Perjalanan menuju Calang tidaklah mudah. Saat itu beberapa ruas jalan masih putus. Bahkan untuk menyebrang harus menggunakan rakit milik masyarakat yang bentuknya ala kadar. Tersusun dari kayu bekas lalu dipasangi mesin untuk mendorong kapal menyebrangi sungai. Karena kondisi seperti ini banyak orang memilih menempuh jalan darurat. Jalan tersebut sengaja dibuat dengan mengitari gunung. Meski waktu tempuh akan bertambah panjang. Berangkat pada pagi hari maka tiba di Calang bisa menjelang magrib. Padahal dalam kondisi normal waktu tempuh ke Calang dari Banda Aceh hanya tiga jam saja.
Kami memang sengaja menghindari perjalanan pada malam hari. Sebab jika malam tiba, perjalanan ke Calang akan sangat berbahaya. Maklum kala itu jalan raya yang rusak akibat tsunami sedang diperbaiki. Jalanan becek. Genangan air disana sini. Apalagi saat itu memang tengah musim hujan. Bisa dipastikan berkenderaan pada malam hari hanya dengan mengandalkan lampu sorot dan sinar bulan amat sangat berbahaya.
Kembali ke warung kecil. Di sini sebagian teman memilih menyerumput secangkir kopi. Sebagian lainnya beranjak untuk shalat Ashar dan berbaring sejenak. Warung ini ternyata dijaga oleh seorang perempuan. Saya lupa namanya. Umurnya mungkin berkisaran 50an atau lebih. Yang jelas ia memang tak lagi muda. Apalagi teriknya matahari dan asinnya daerah pesisir membuat kulitnya kering dan menghitam. Belakangan saya baru tau jika ternyata warung ini juga ia jadikan sebagai tempat tinggal.
Obrolan santai pun mengalir diantara kami. Hingga akhirnya pembicaraan menyinggung tentang peristiwa tsunami 26 Desember 2004.

Ia berkisah jika tsunami telah merenggut segalanya. Harta benda bahkan keluarga. Tidak ada yang selamat. Hanya ia seorang diri. Ia pun selamat dengan amat dramatis. Menyambung nyawa setelah berhasil naik ke atas papan yang hanyut dibawa gelombang pasang. Ia mengaku di atas papan itulah ia shalat dengan kondisi seadanya.

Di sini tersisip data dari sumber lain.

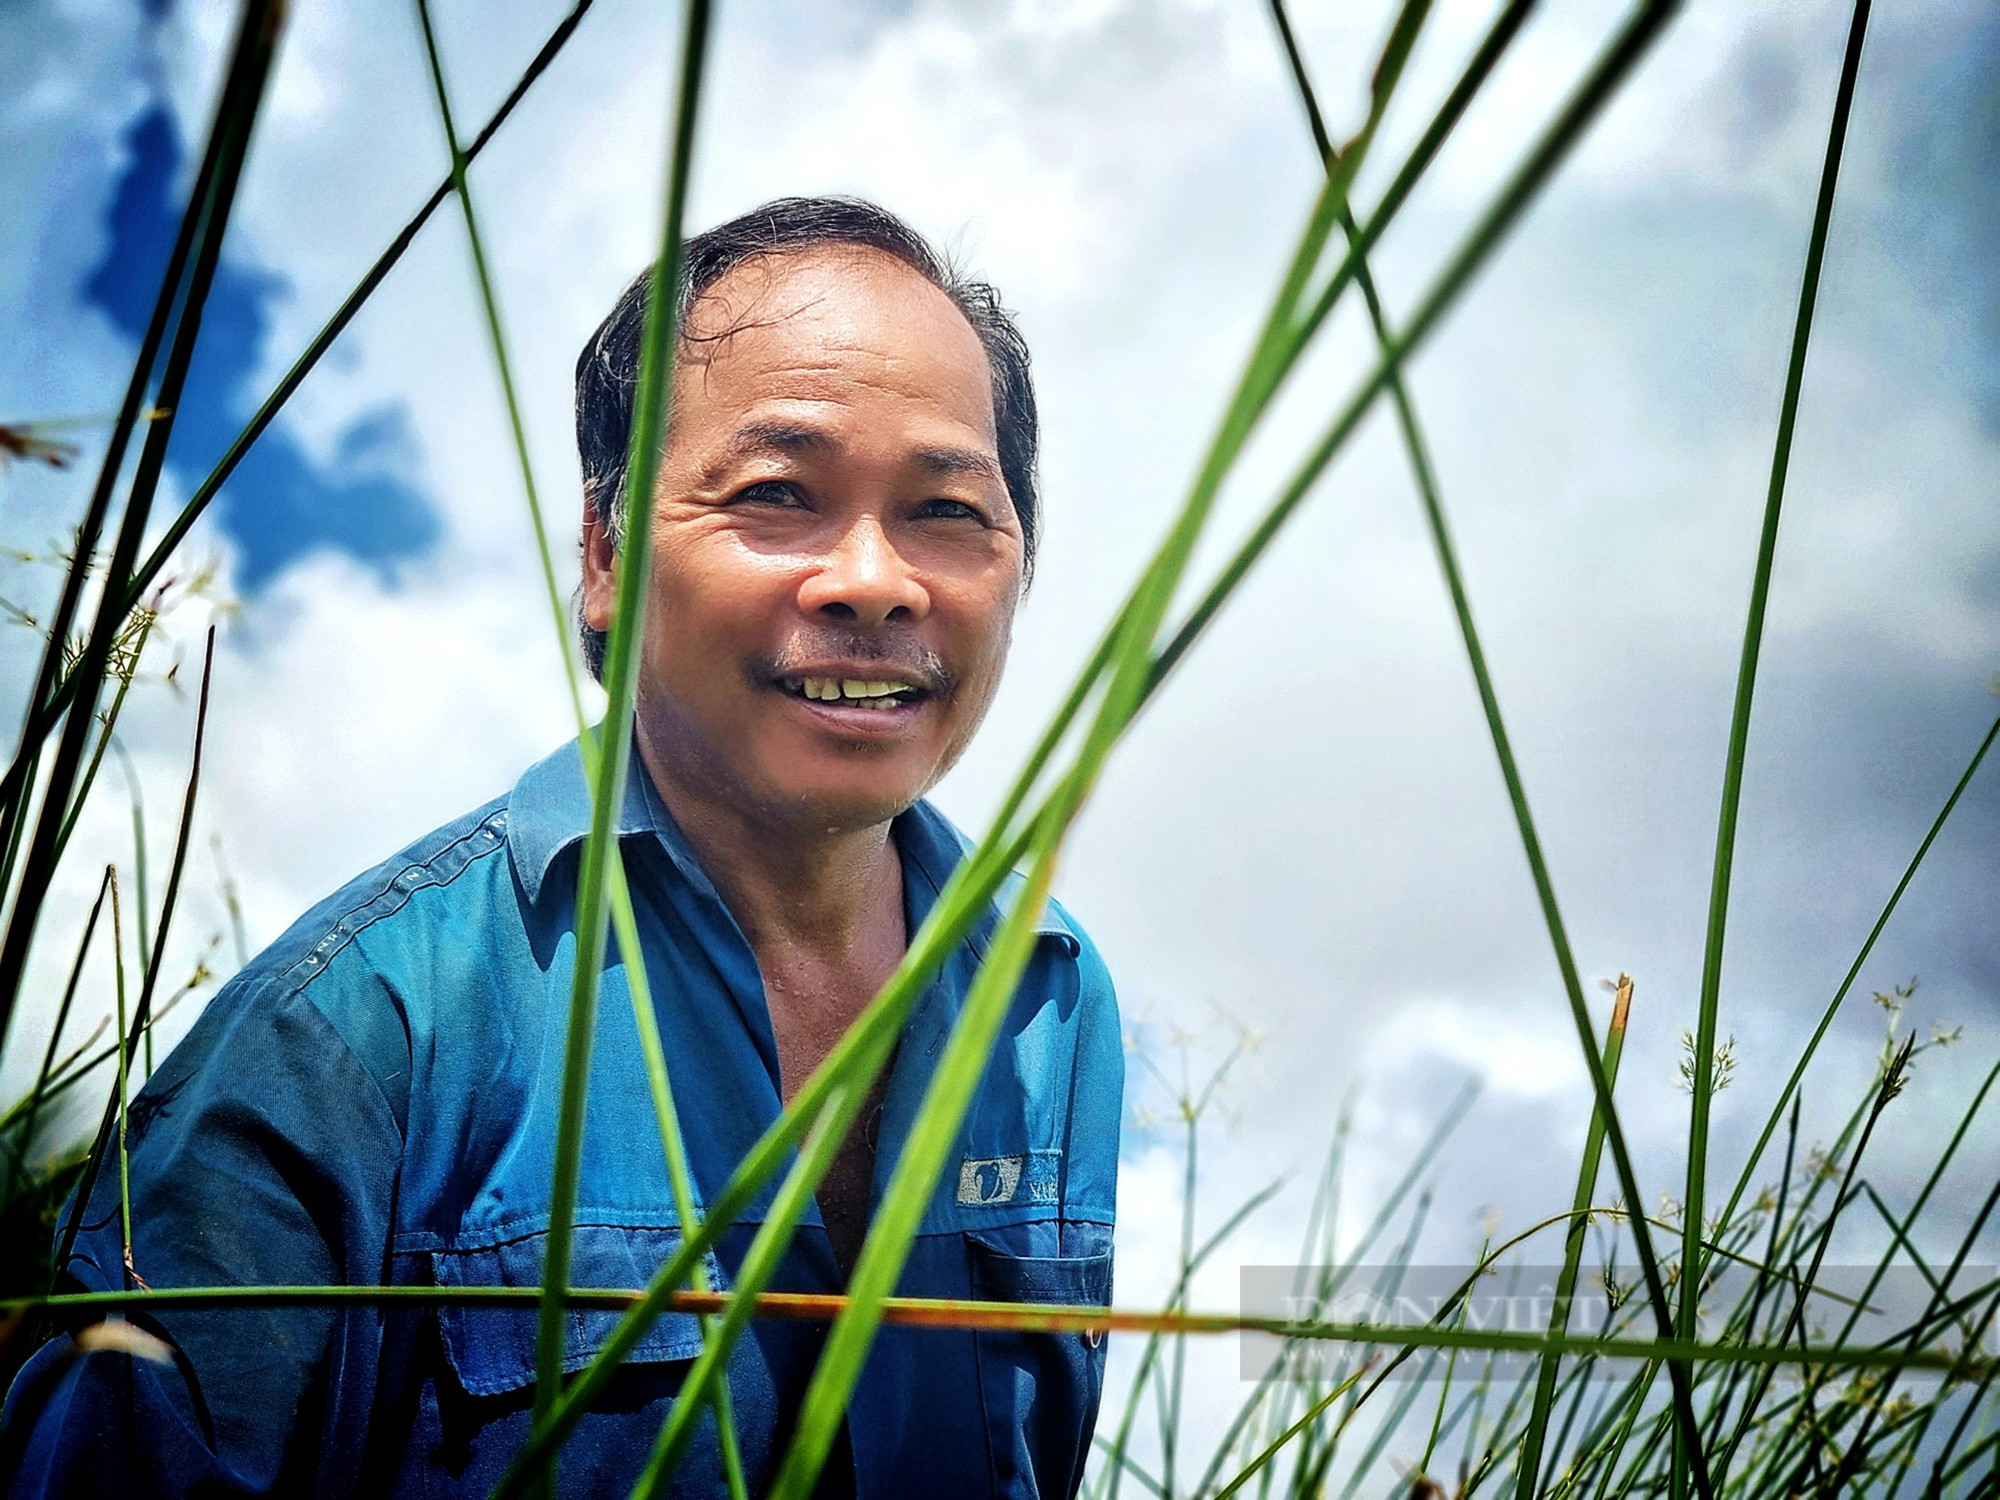 Nhiều người dân Trà Vinh ổn định cuộc sống hơn 20 năm từ nghề trồng cây lác - Ảnh 1.
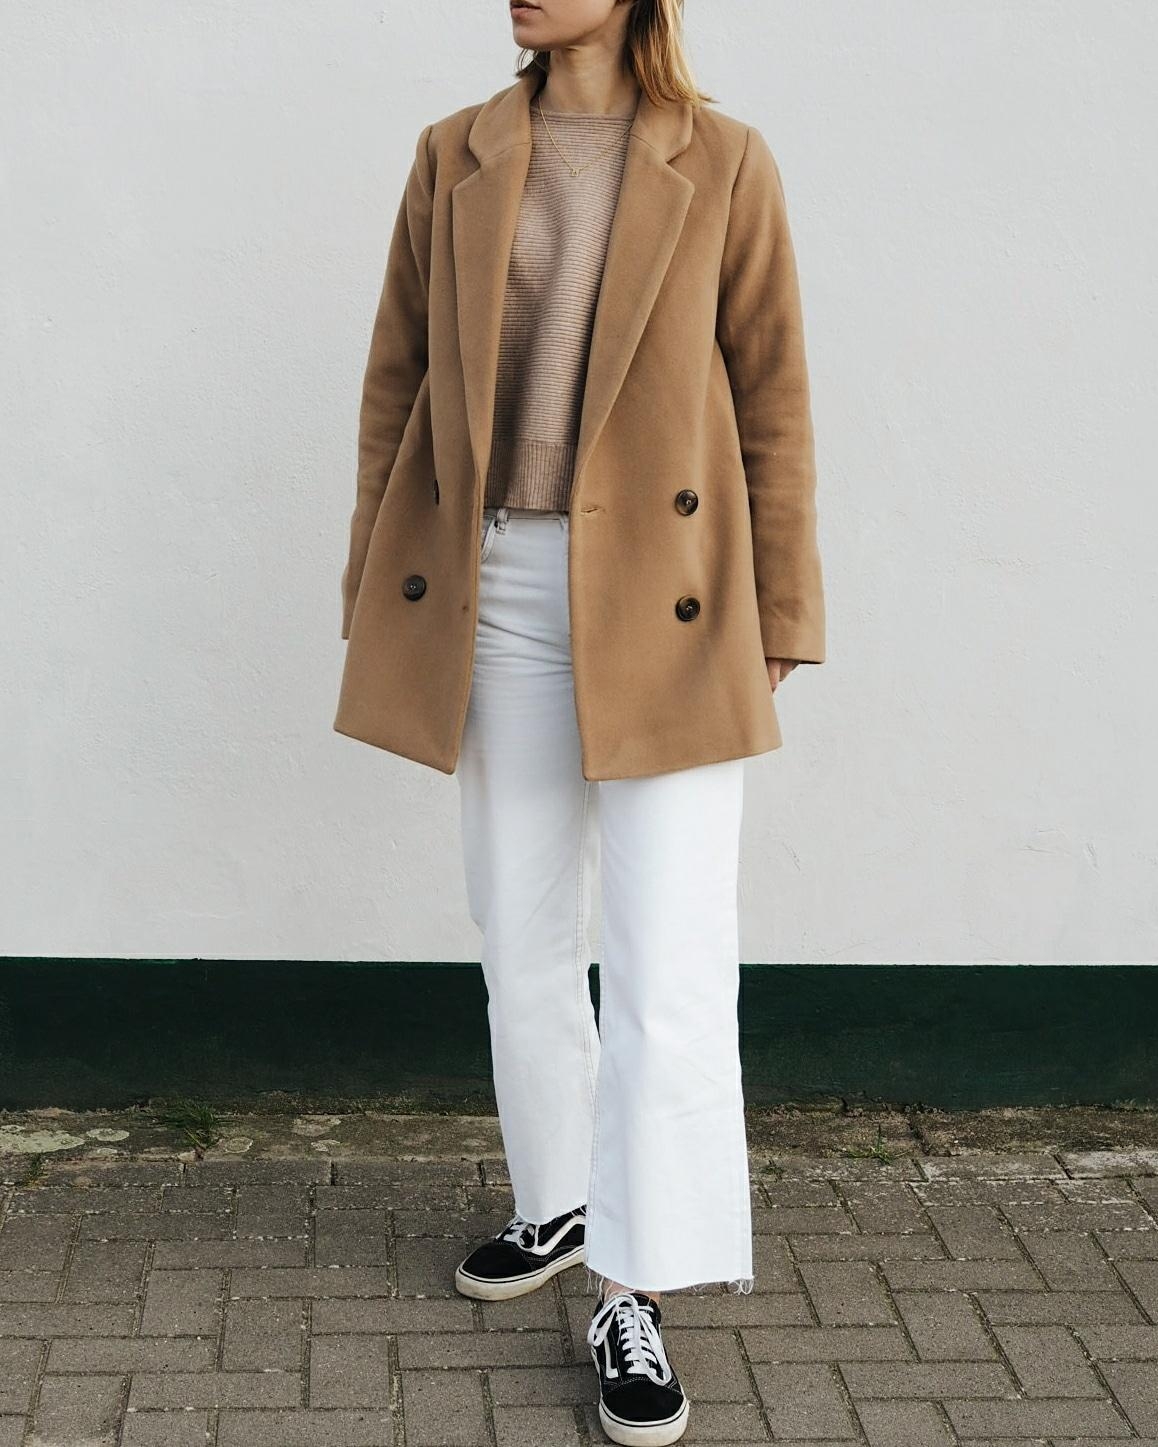 Weiße cropped jeans & camel Blazer 🗯️🐪 #whitedenim #fashion #blazer #neutrals #fashioncrush

“Pokoknya Ibu shalat, zikir. Ibu sudah ngak pikir apa-apa” ungkapnya.
Para saksi mata yang berhasil selamat berkisah bagaimana dasyatnya tsunami menghantam Calang. Ia bercerita, tinggi gelombang tsunami kalaitu melebihi pohon kelapa yang berdiri tegak di sepanjang pesisir pantai.
Gelombang menyapu apa saja yang dilewatinya. Dalam waktu singkat semua rata tak bersisa. Minimnya informasi tentang tsunami ditambah Kota Calang yang dibangun persis di bibir pantai membuat gelombang laut mudah dalam menemukan orang dan barang untuk dilumat.
Salah satu tempat menyelamatkan diri adalah sebuah bukit yang berada di pinggiran kota. Bayangkan saja dalam waktu bersamaan semua orang menuju ke titik tersebut. Sementara gelombang laut menari-nari dibelakang mereka. Belum lagi tiba dipuncak, tsunami datang dan menarik mereka semua ke tengah laut. Berbaur dengan bangunan yang tergulung bersama gelombang.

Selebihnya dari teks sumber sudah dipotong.